Absolutely! James mentioned this in the new documentation that he wrote. It is basically suggesting to do exactly what you’re suggesting. If the test data for your module can be quickly generated, don’t add that to the test data repo. Instead, in your test workflow, that you’ve got in the modules repo, add those other upstream modules to generate at each time. Bear in mind that that means every single time that module was tested it will be running those previous steps. Think about the polar bears a little bit. Think about the resources needed for the CI tests. If it’s heavy lifting to generate those files then you should do it once and upload the file so I just download it and use. But if they’re fairly quick to generate then absolutely don’t feel like you need to add that to a test data repo instead, put it into the CI workflow.
(Question continues) I actually meant um what about starting putting pipelines into the test data repo then generate the test data Pipelines are already in a test data sets pipeline repo. We’ve got a branch where we pipeline. That’s how the CI tests run for pipelines. But I feel like that’s not what you’re asking. You mean generating test data sets.
(Question continues) exactly, having some kind of more reproducible definition of how to generate test data. Right now it’s basically: put put the commands in in a readme in whatever it has data repo or branch. How about making that itself more reproducible by having (inaudible) pipelines. I’m with you now. Yes, this is what this is about. At the moment we are not super happy with the the readme files, which is just massive readme files describing what all the files are and where it came from and how it was generated. We want to move away from this kind of readme file approach, where people can add as much or as little information as they want, to a structured documentation format. We’re mostly thinking about origin, We haven’t defined exactly what fields there are yet, so we could also define a command that was used to generate that test data if it originates from some other kind of file. We’ve got a “test data” slack channel so if you if you have something specific in mind hop in there and spell out exactly what you mean and we can discuss it in more detail and put something together.
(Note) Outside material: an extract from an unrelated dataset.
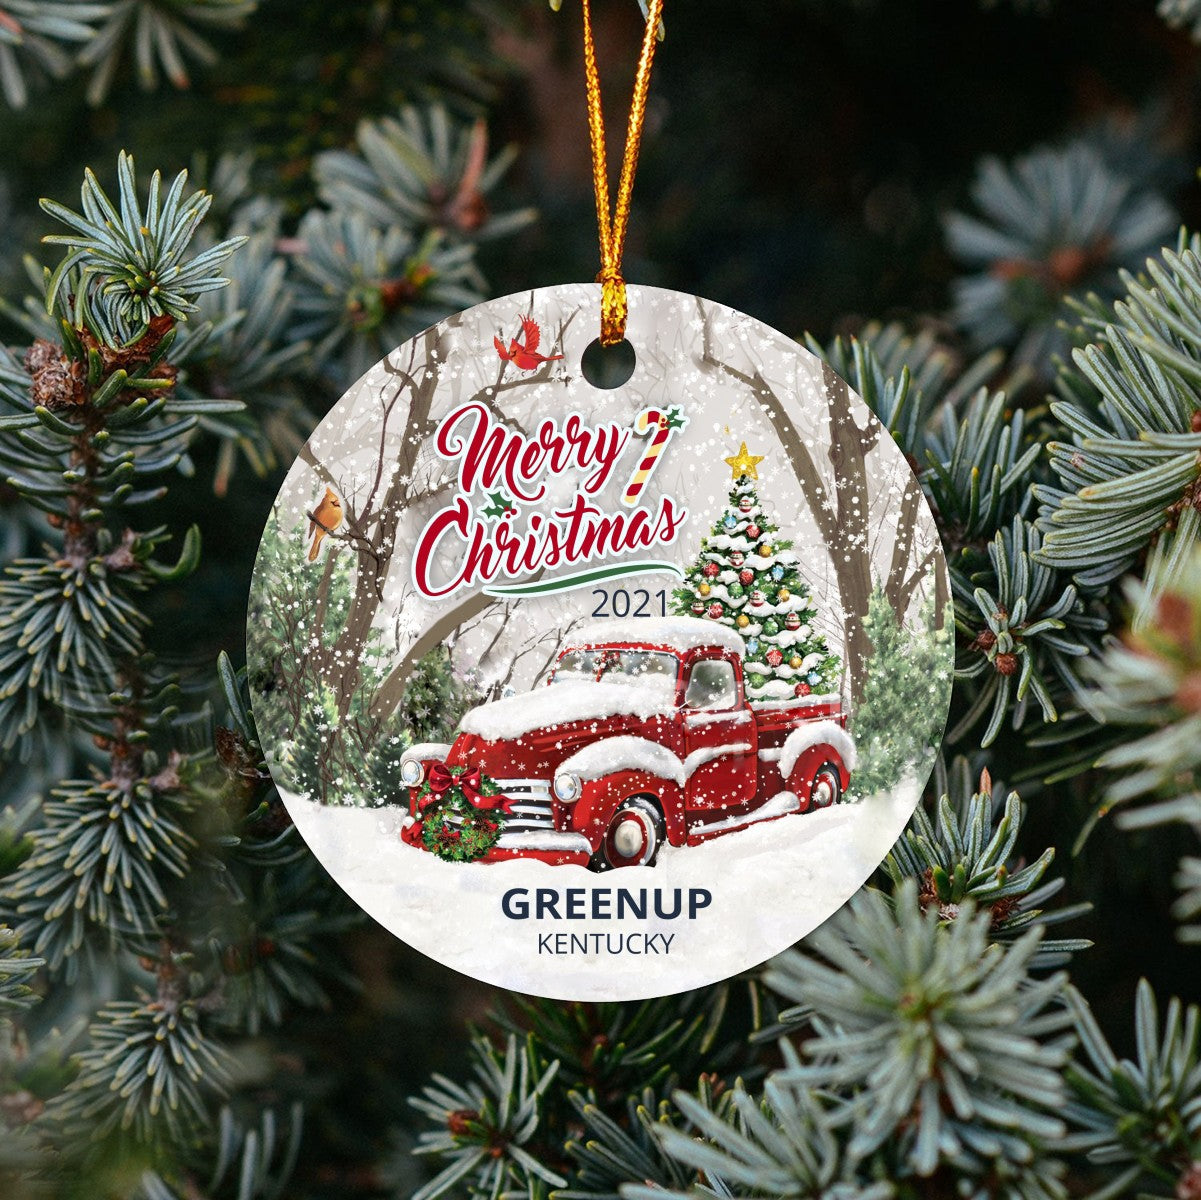 Christmas Tree Ornaments Greenup - Ornament Customize With Name City And State Greenup Kentucky KY - Red Truck Xmas Ornaments 3'' Plastic Gift For Family, Friend And Housewarming

30:42 good question. Something else? core team you’re happy that I haven’t forgotten anything? Maybe we should have it included more more photos. Great. Okay, in that case let’s wrap it up and thank you everybody for for joining and listening. It’s been a real pleasure and a really fun week. I feel like we made tons of progress last week, so I’m really pleased. If you have any ideas or feedback on decisions we’ve made then please let us know and otherwise we’ll continue writing everything up that we took notes on, adding it to the website and making it easily accessible for you.